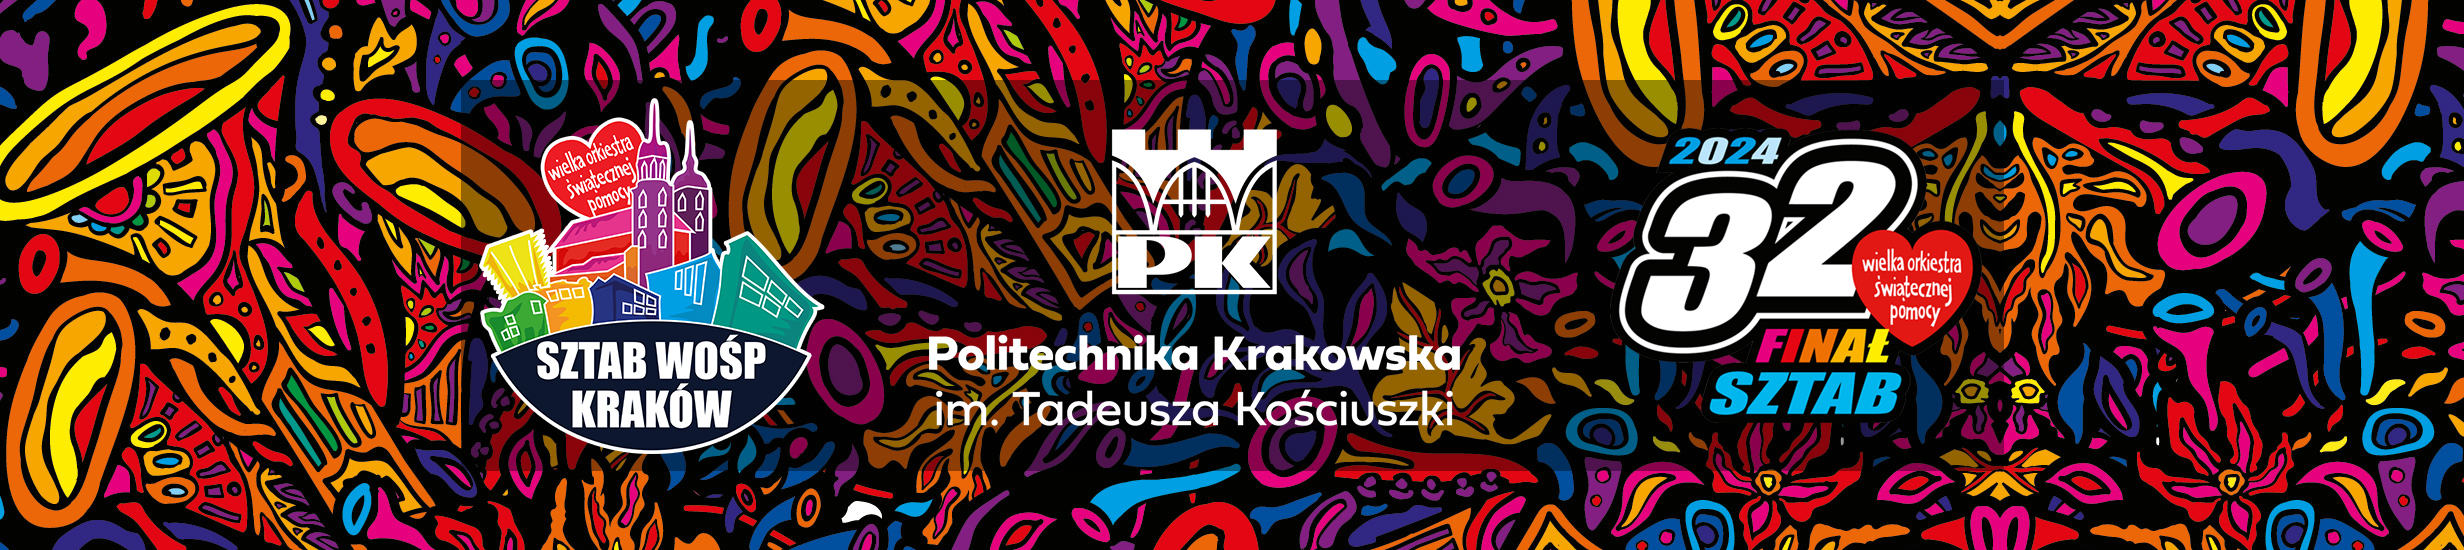 Krakowski Sztab Wielkiej Orkiestry Świątecznej Pomocy zagra na PK!
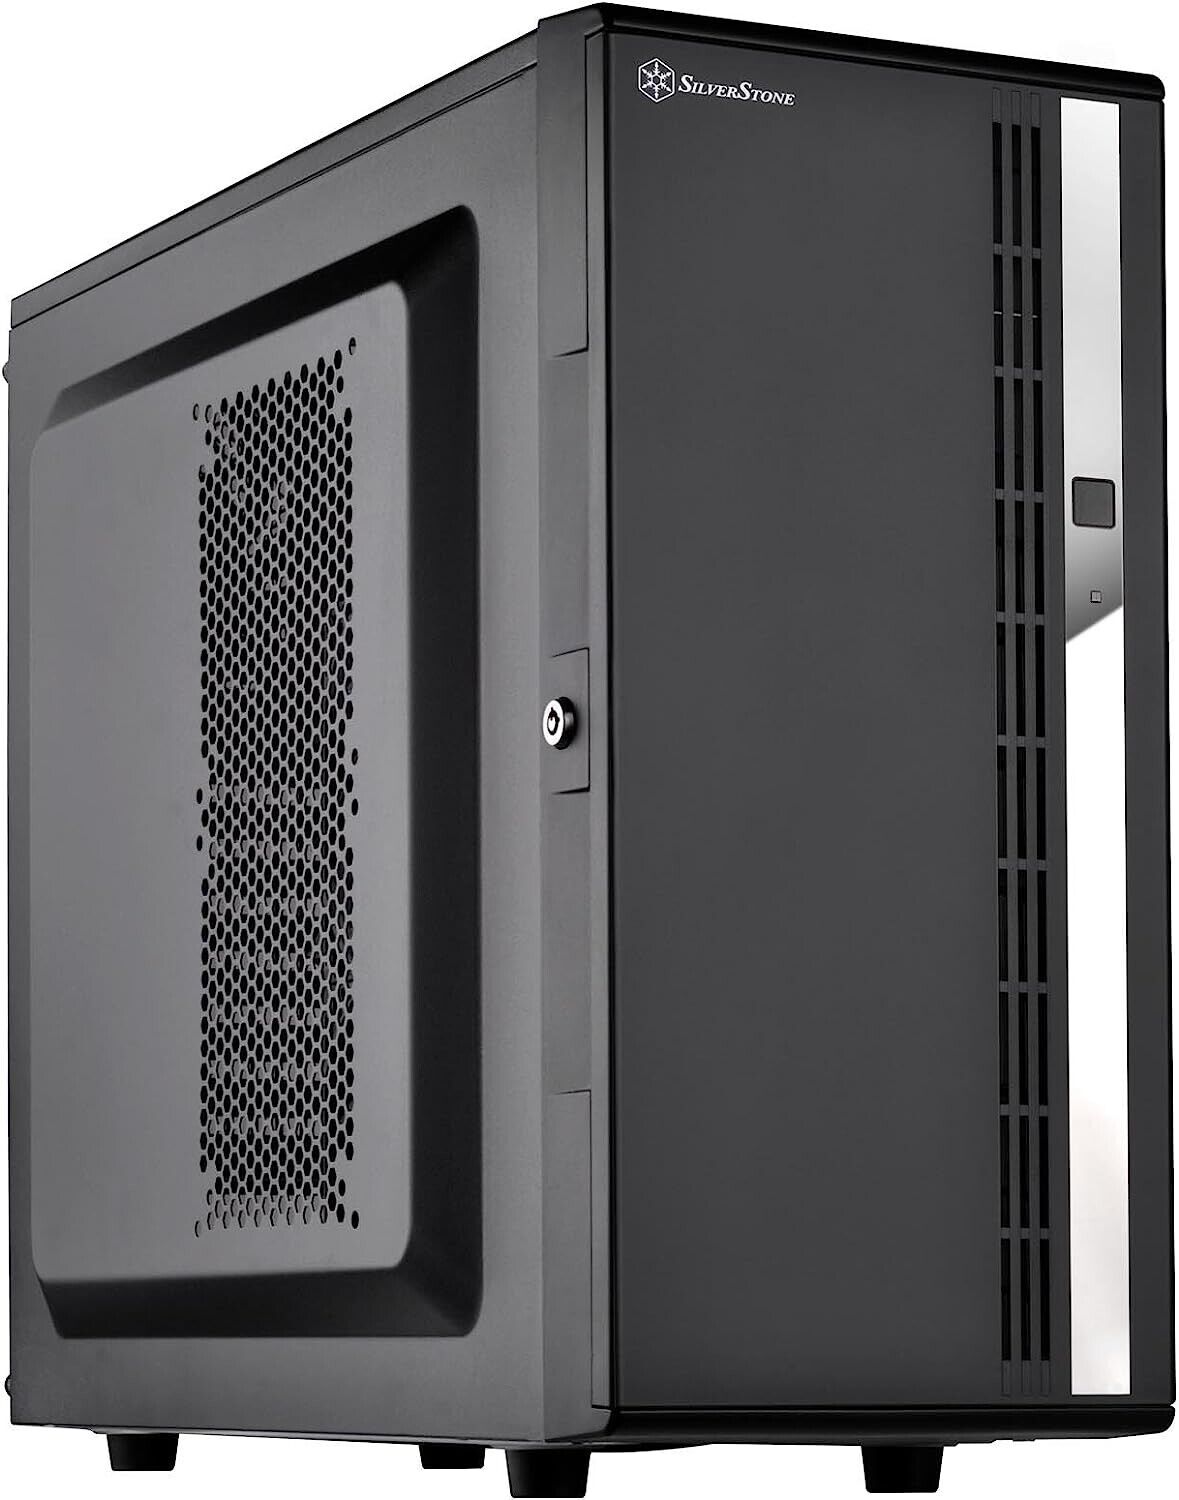 SilverStone Technology CS380 8-Bay Compact ATX Tower case, CS380B-X V2.0, Black
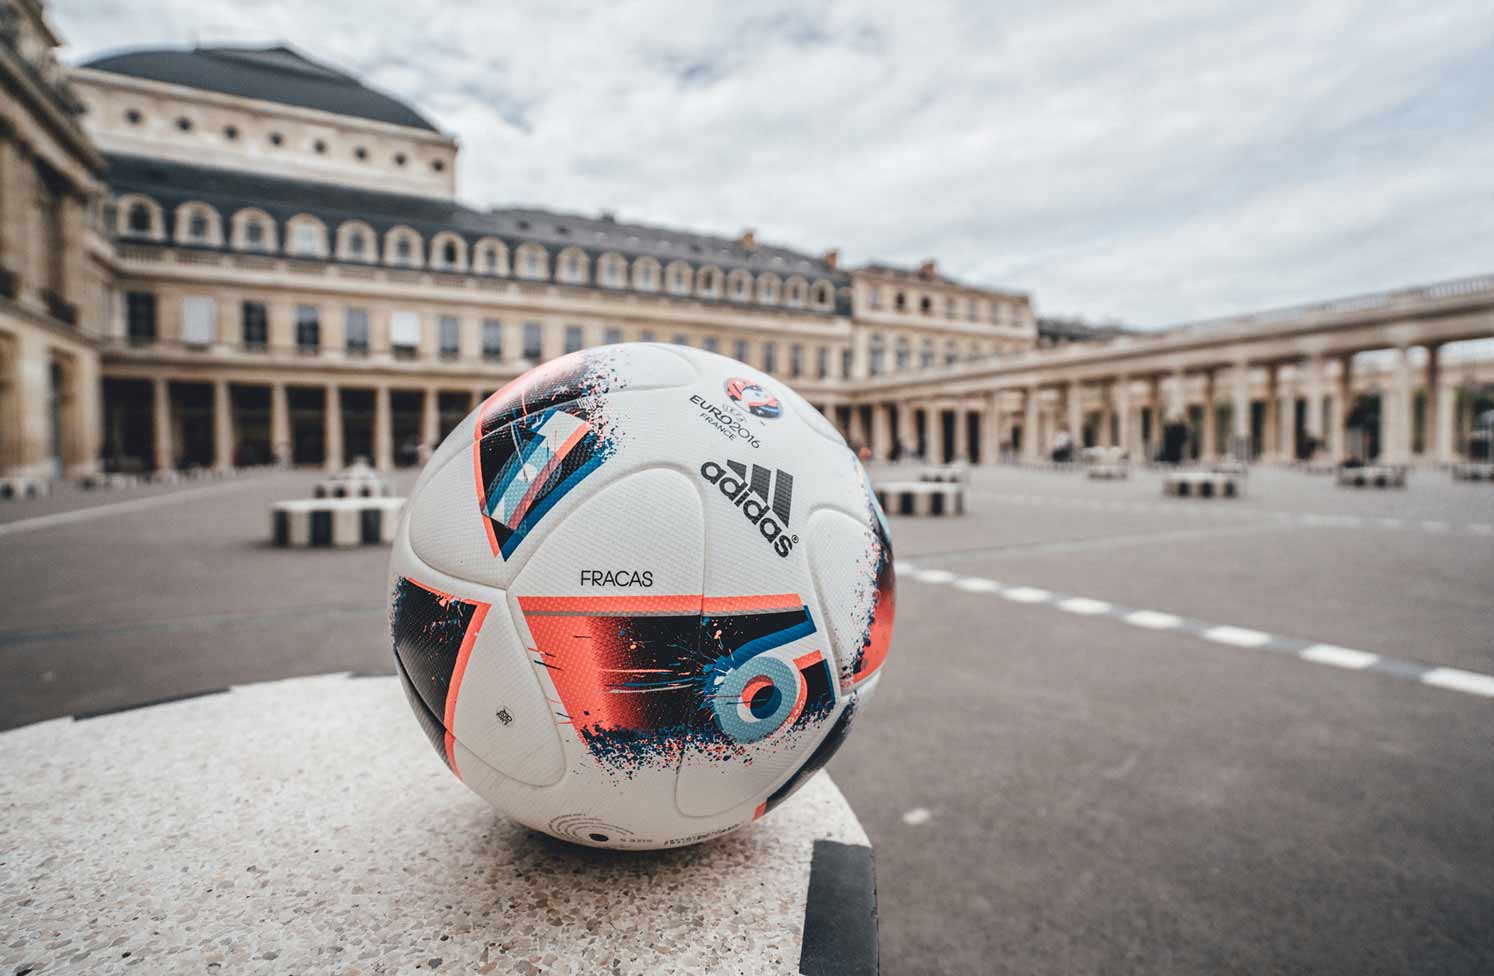 Официальный мяч финала Евро 2016 - Fracas
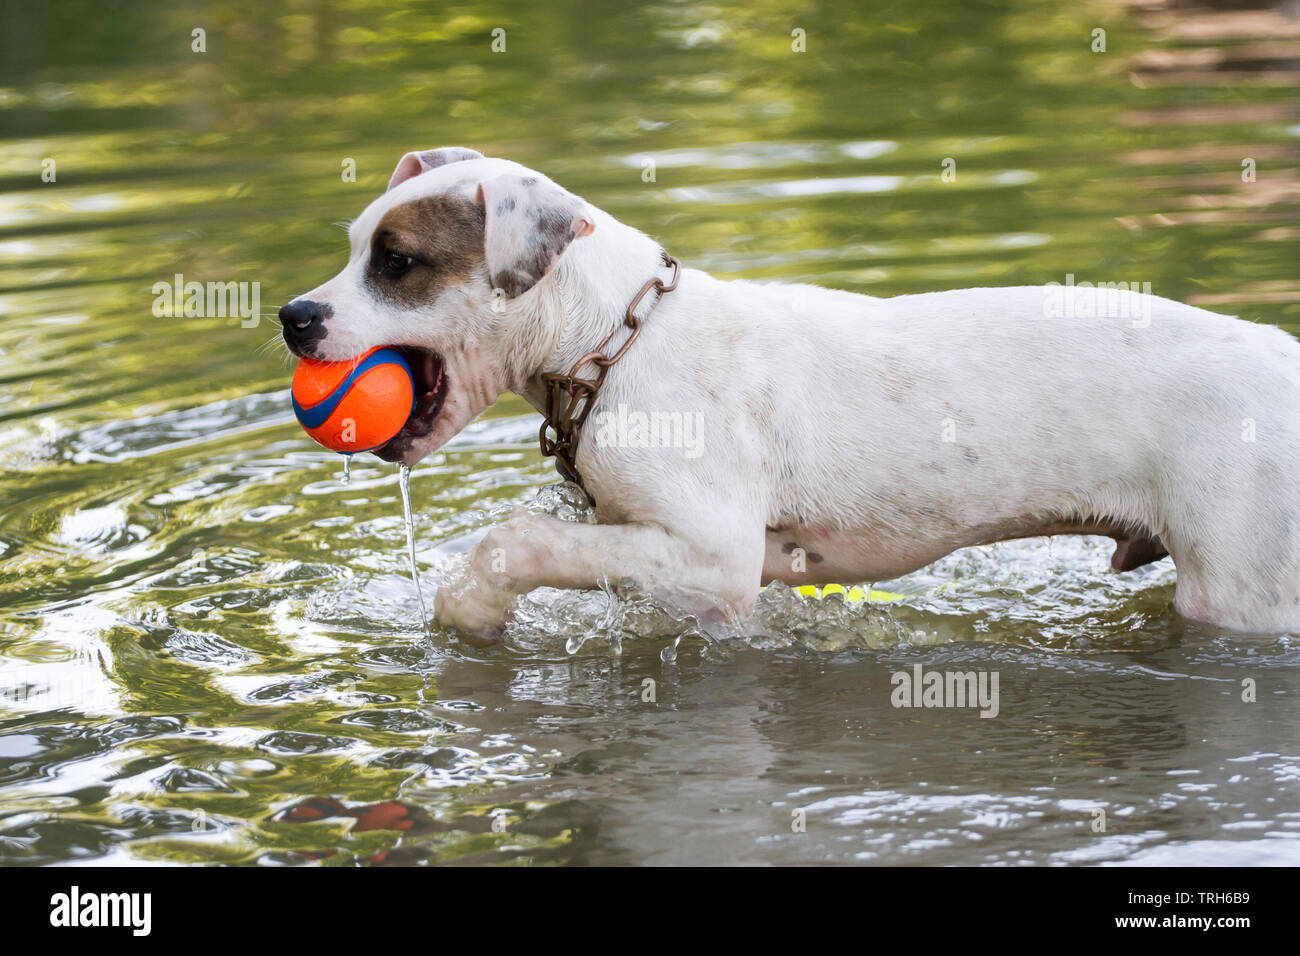 Ein Welpe vom Typ White Bulldog, der einen Ball im Wasser holt Stockfoto
◆ ◆ ◆
=== What to do ===
All the lines above are to be given again exactly as they read, with the pictures removed.

=== Completed exercise ===
 Krakowski Sztab Wielkiej Orkiestry Świątecznej Pomocy zagra na PK!
 SilverStone Technology CS380 8-Bay Compact ATX Tower case, CS380B-X V2.0, Black
 Официальный мяч финала Евро 2016 - Fracas
 Ein Welpe vom Typ White Bulldog, der einen Ball im Wasser holt Stockfoto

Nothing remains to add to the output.